Personal information
- Full name: Stuart E. Barclay
- Born: 4 October 1949
- Died: 10 April 2025 (aged 75)
- Original team: Gisborne
- Height: 188 cm (6 ft 2 in)
- Weight: 79 kg (174 lb)

Playing career^{1}
- Years: Club / Games (Goals)
- 1969–1973: Essendon / 38 (3)
- 1974–1977: City-South
- 1978–1981: Windsor-Zillmere
- ^{1} Playing statistics correct to the end of 1981.

Career highlights
- Essendon reserves premiership 1968; City-South premiership 1974 (as captain-coach); Windsor-Zillmere premiership 1981;

= Stuart Barclay =

Australian rules footballer

Stuart Barclay (4 October 1949 – 10 April 2025) was an Australian rules footballer who played with Essendon in the Victorian Football League (VFL).

Recruited from Gisborne, Barclay was a member of the 1968 Essendon reserves premiership team.
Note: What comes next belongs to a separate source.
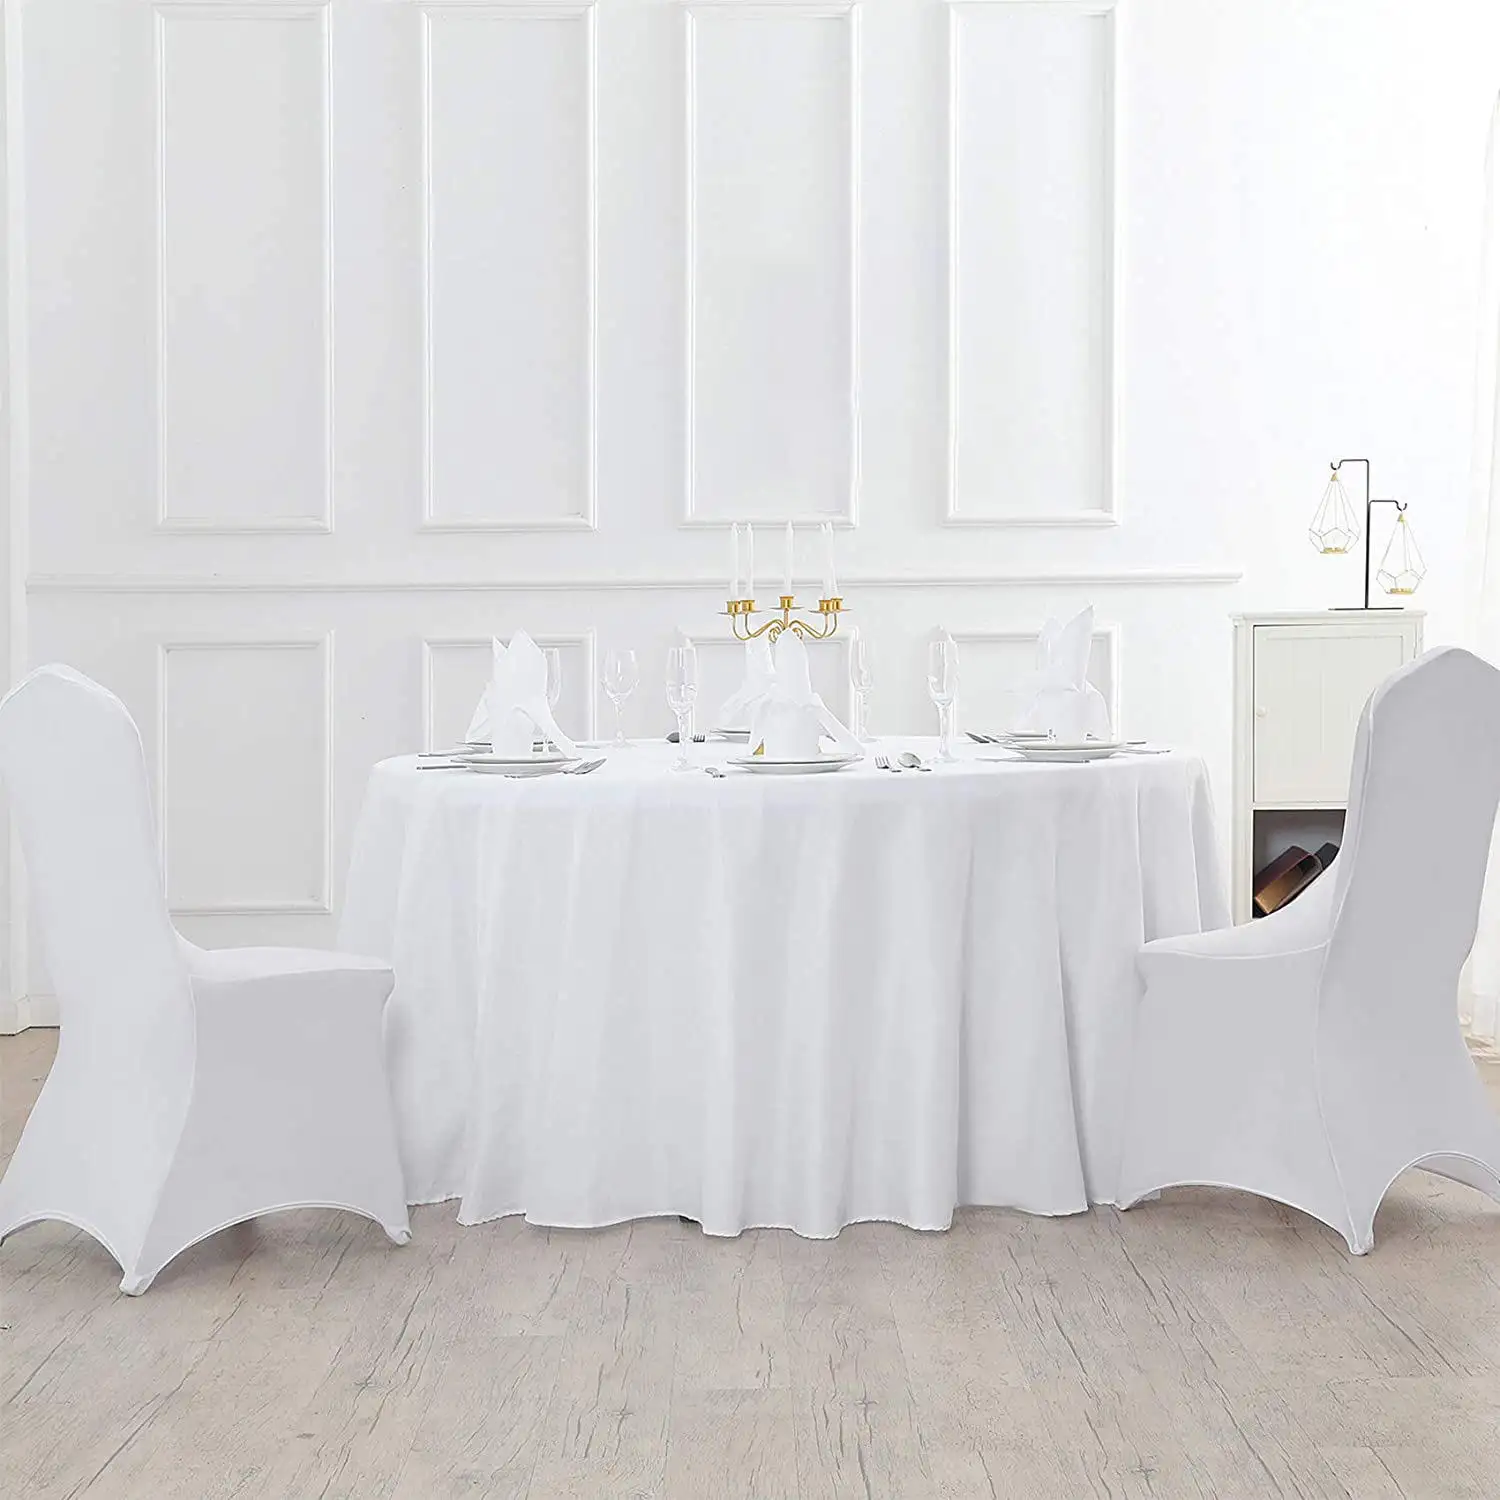 50 pz fodera per sedia in poliestere elastico per feste bianco banchetto elasticizzato spandex coprisedie per eventi matrimoni
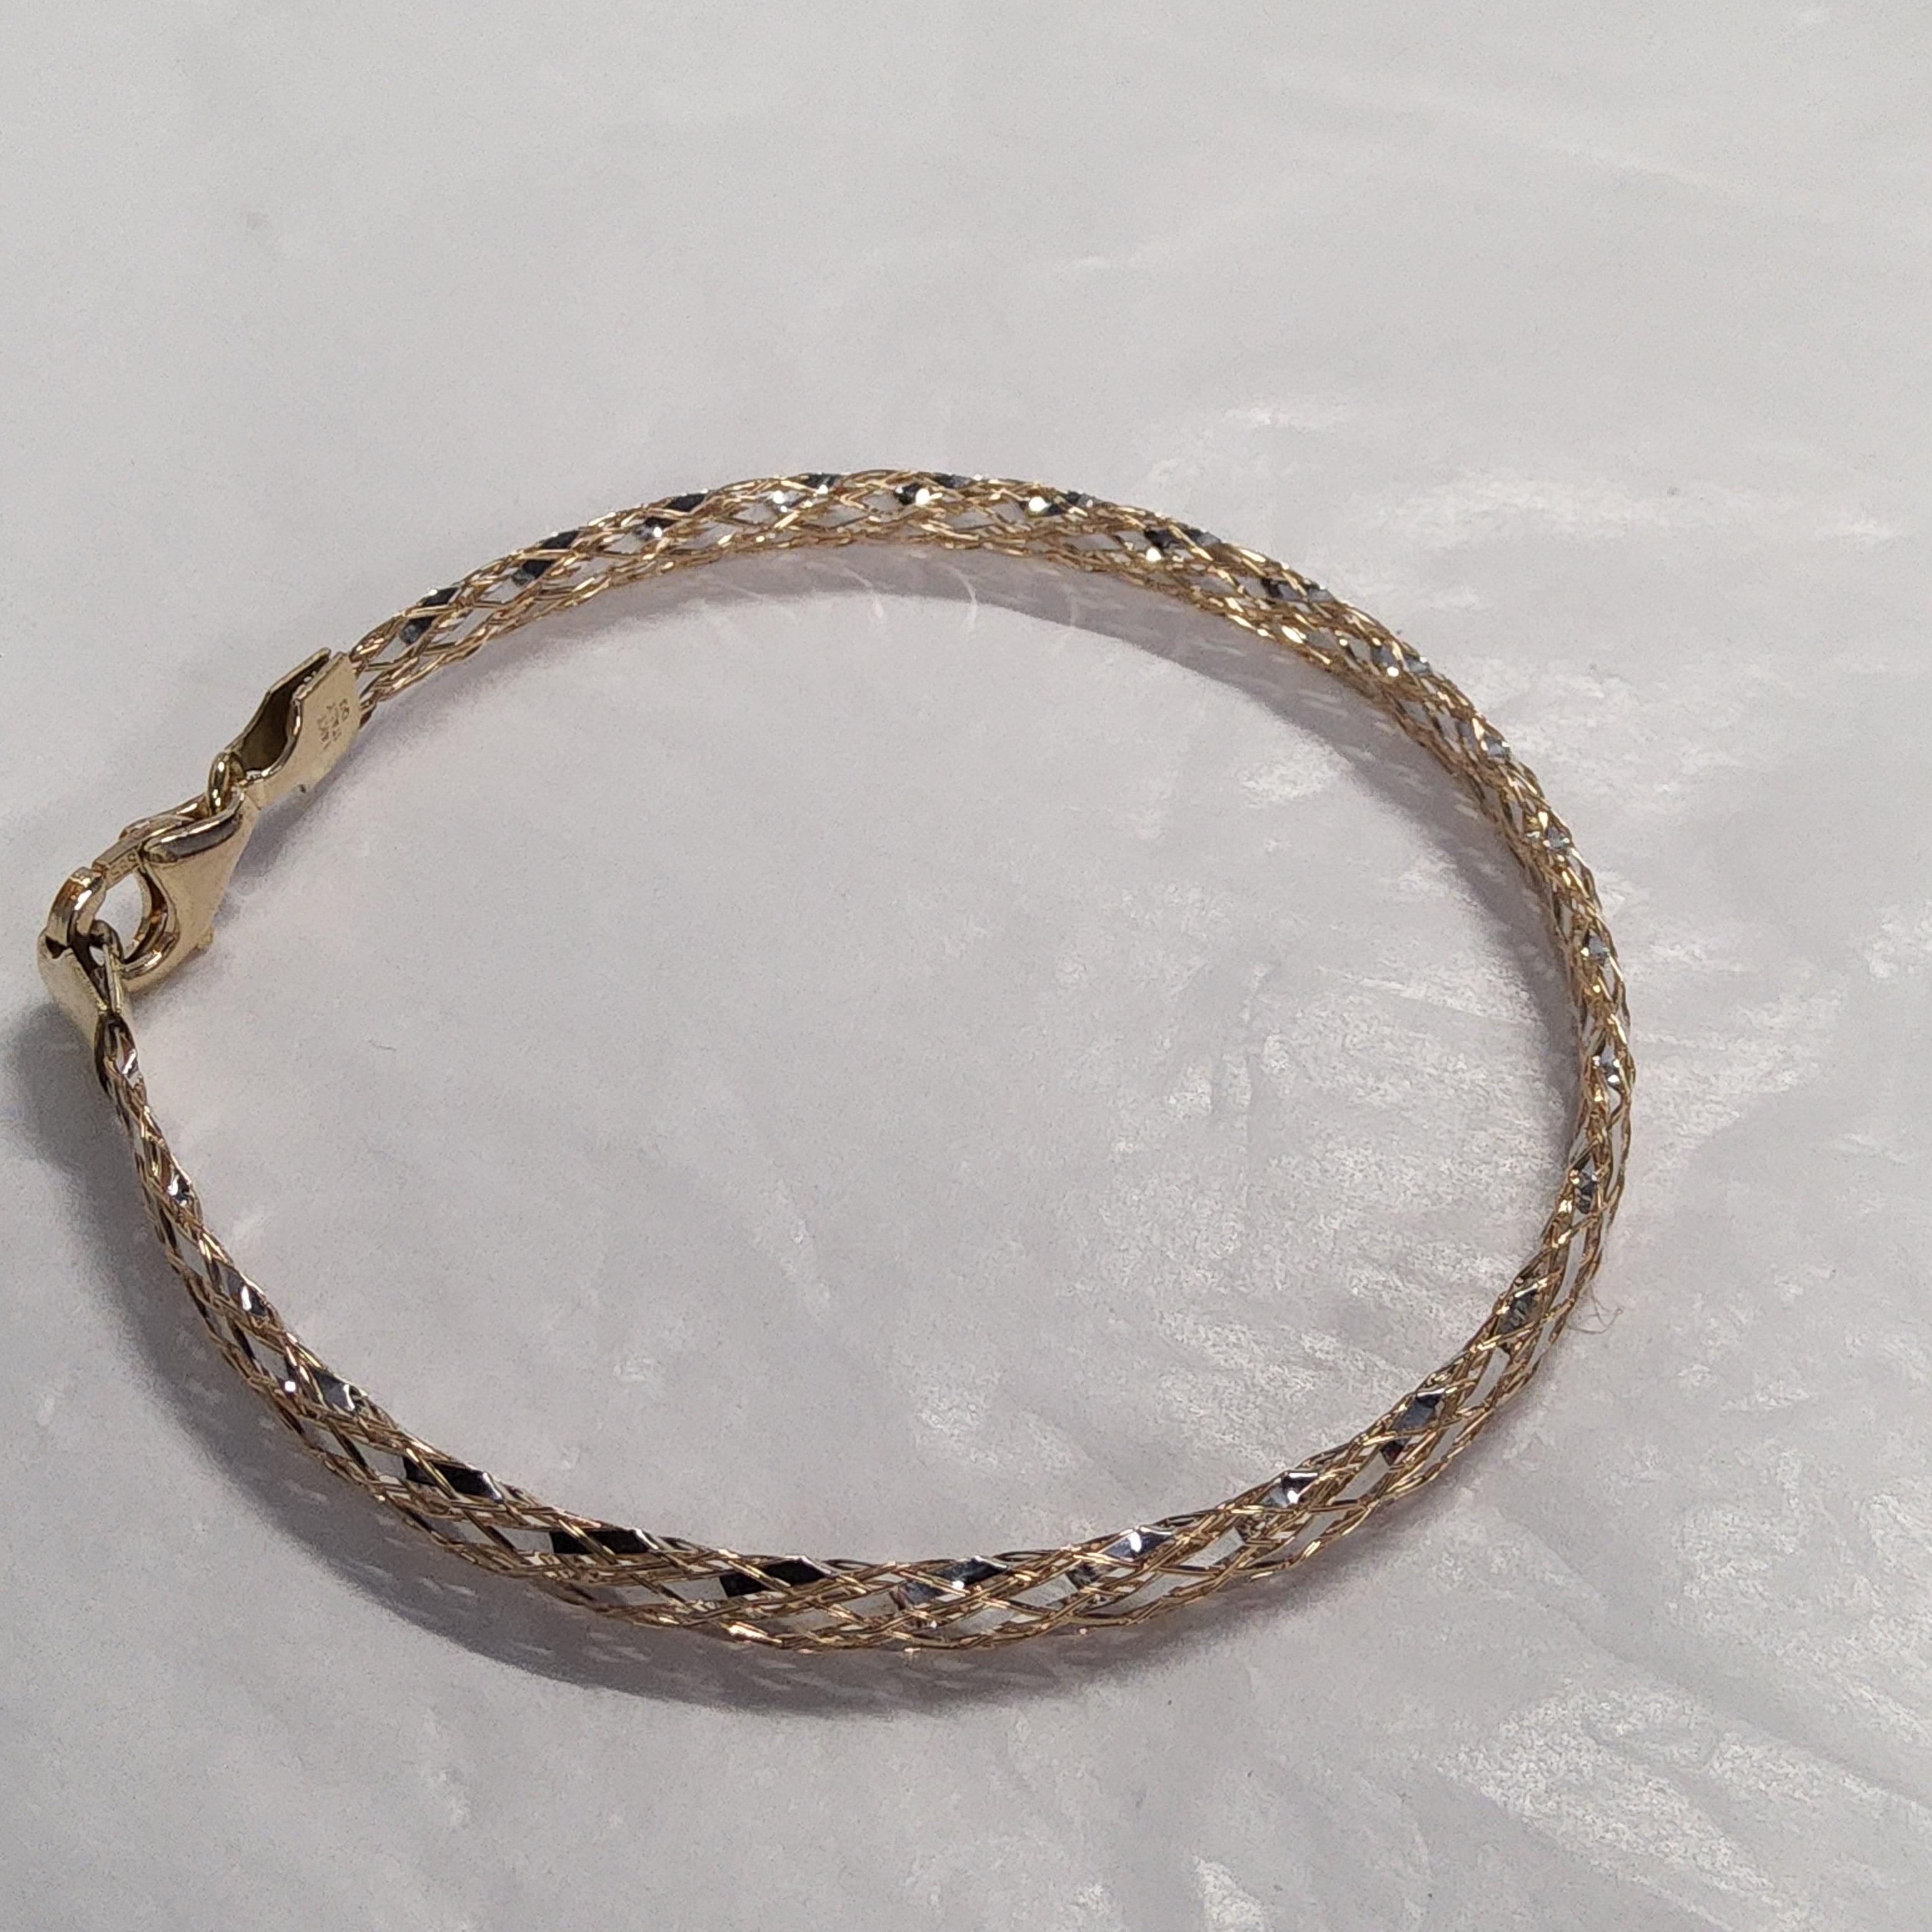 Two-Tone Gold Fancy Link Bracelet - 7.5 inch

A defender, Barclay was used initially as a back pocket but became a half-back. He played 38 league games for Essendon, from 1969 to 1973, then accepted an offer to captain-coach Launceston club City-South, which competed in the Northern Tasmanian Football Association.

Barclay was runner-up in the Hec Smith Medal and led City-South to a premiership in 1974, the first of his four seasons as coach. While in Tasmania, Barclay also coached the state team.

From 1978 to 1981, Barclay played in Queensland for Windsor-Zillmere and also represented Queensland. He retired after playing in Windsor-Zillmere's 1981 premiership, which they won with a grand final win over Kedron.

Stuart Barclay died in April 2025.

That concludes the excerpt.